=== Section Start ===

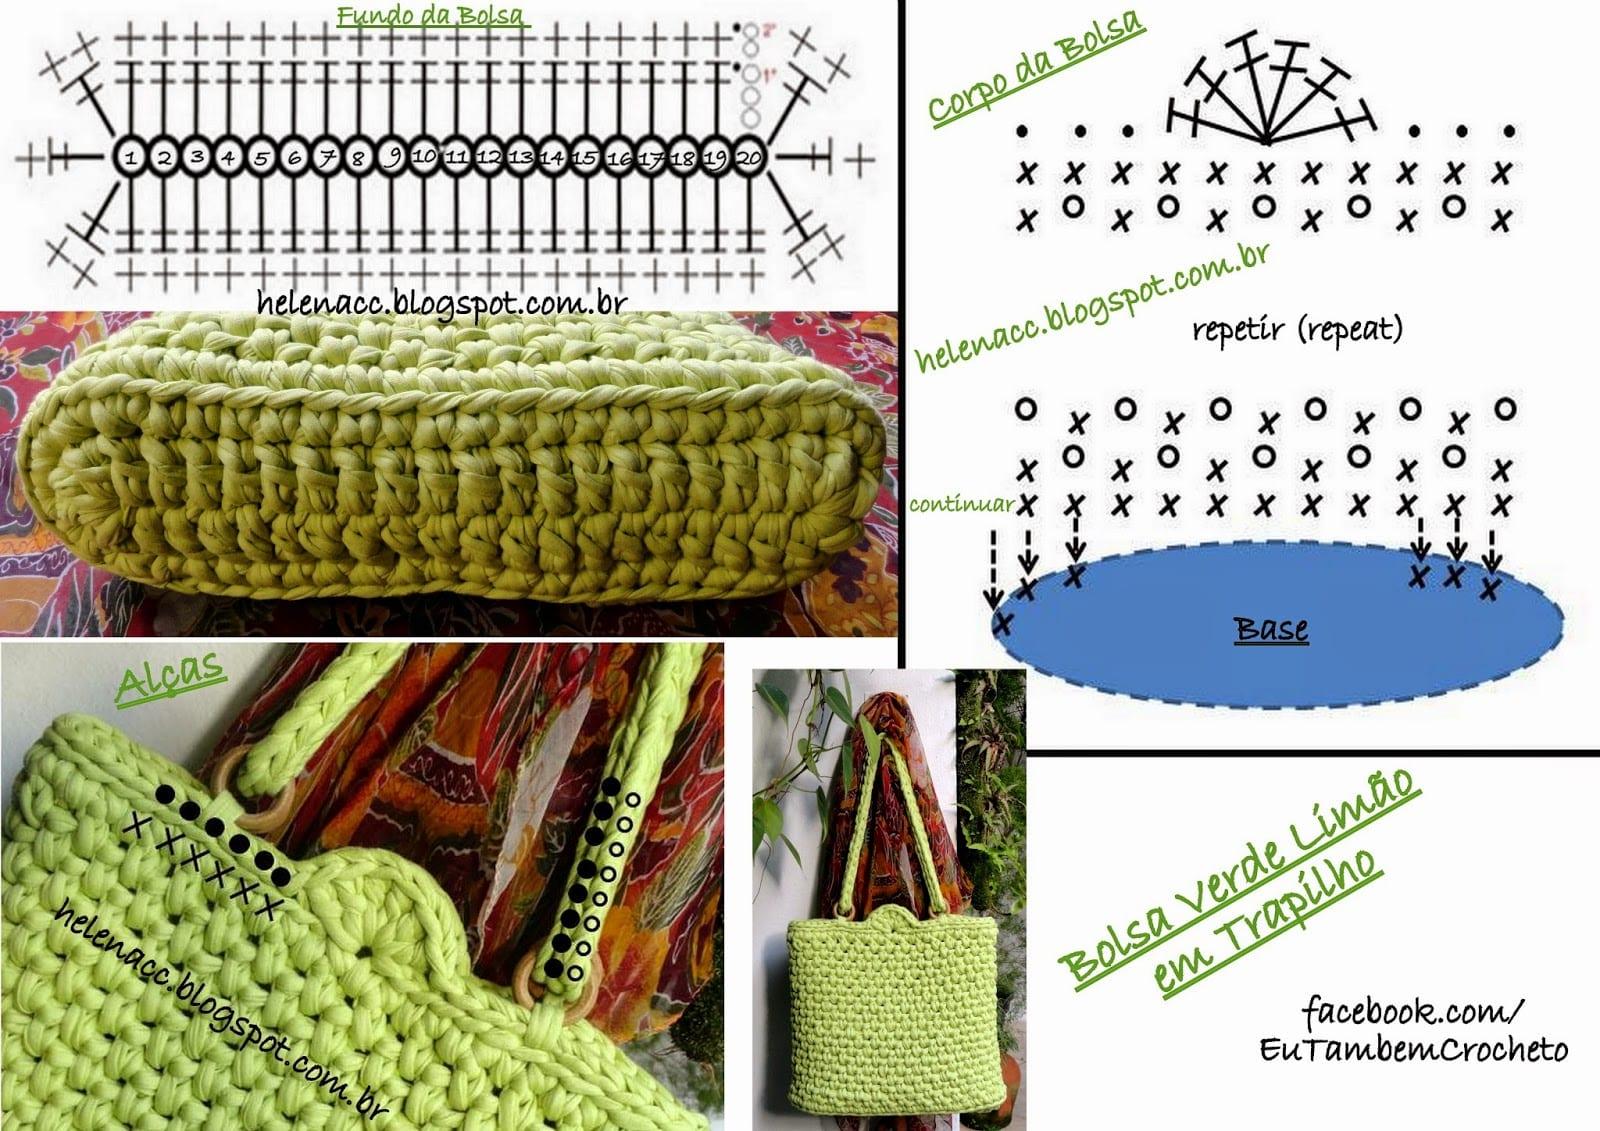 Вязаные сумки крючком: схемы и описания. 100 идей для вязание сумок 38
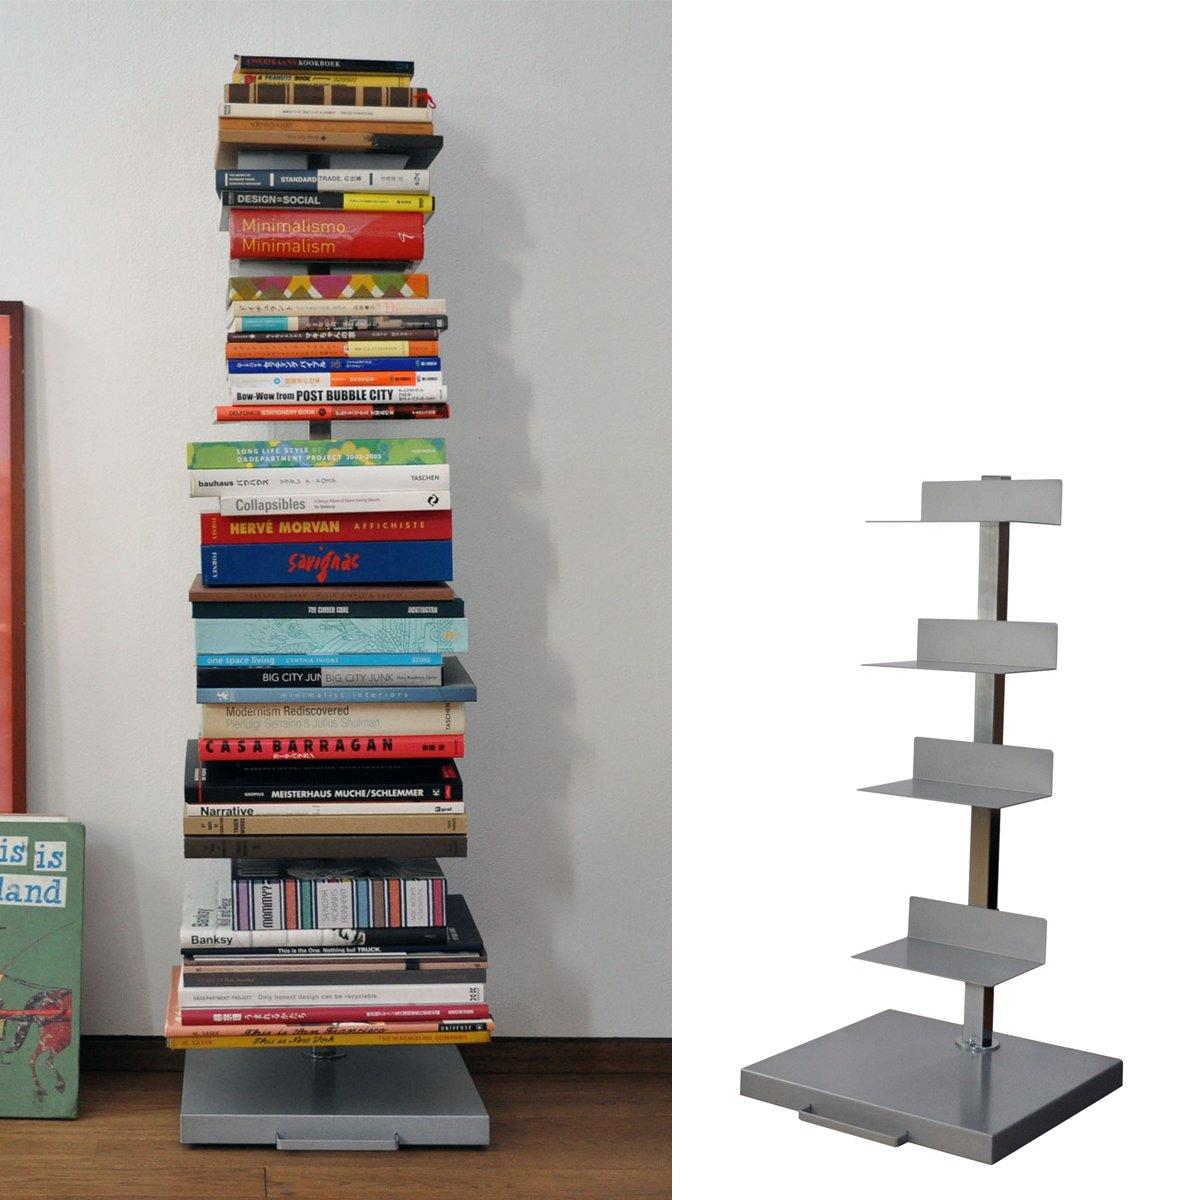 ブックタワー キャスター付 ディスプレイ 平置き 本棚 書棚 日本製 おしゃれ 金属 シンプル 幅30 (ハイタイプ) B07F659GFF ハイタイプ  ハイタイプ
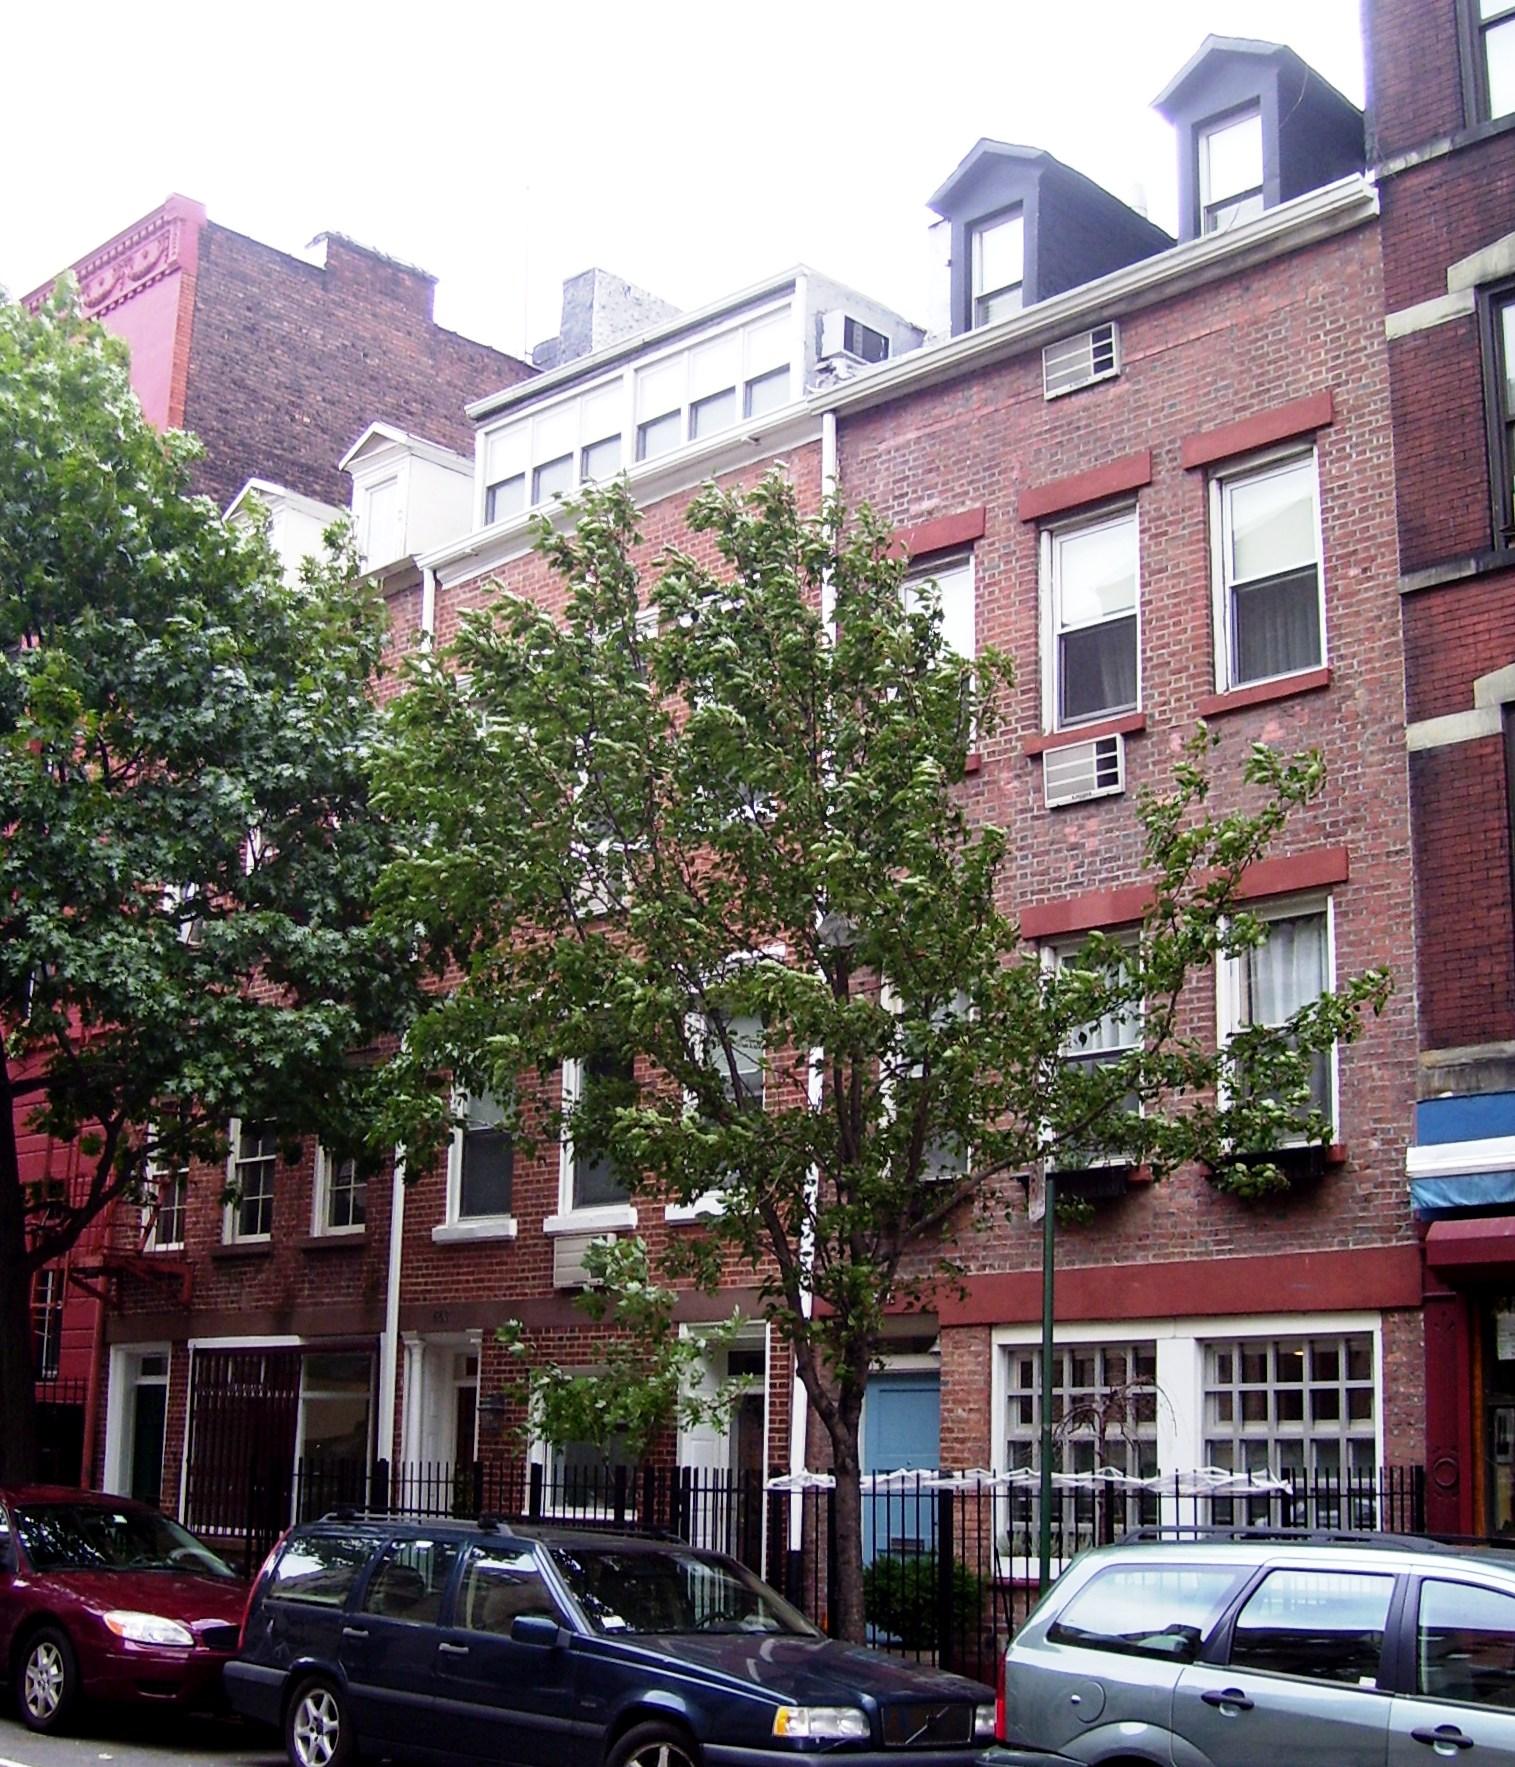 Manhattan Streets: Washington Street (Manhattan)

=== Section End ===

Task item = The lines from the one containing "ブックタワー キャスター付 ディスプレイ" through the final line of the data are to be repeated exactly, with both ends included and all pictures left out.

Completed exercise =
 ブックタワー キャスター付 ディスプレイ 平置き 本棚 書棚 日本製 おしゃれ 金属 シンプル 幅30 (ハイタイプ) B07F659GFF ハイタイプ  ハイタイプ
 Manhattan Streets: Washington Street (Manhattan)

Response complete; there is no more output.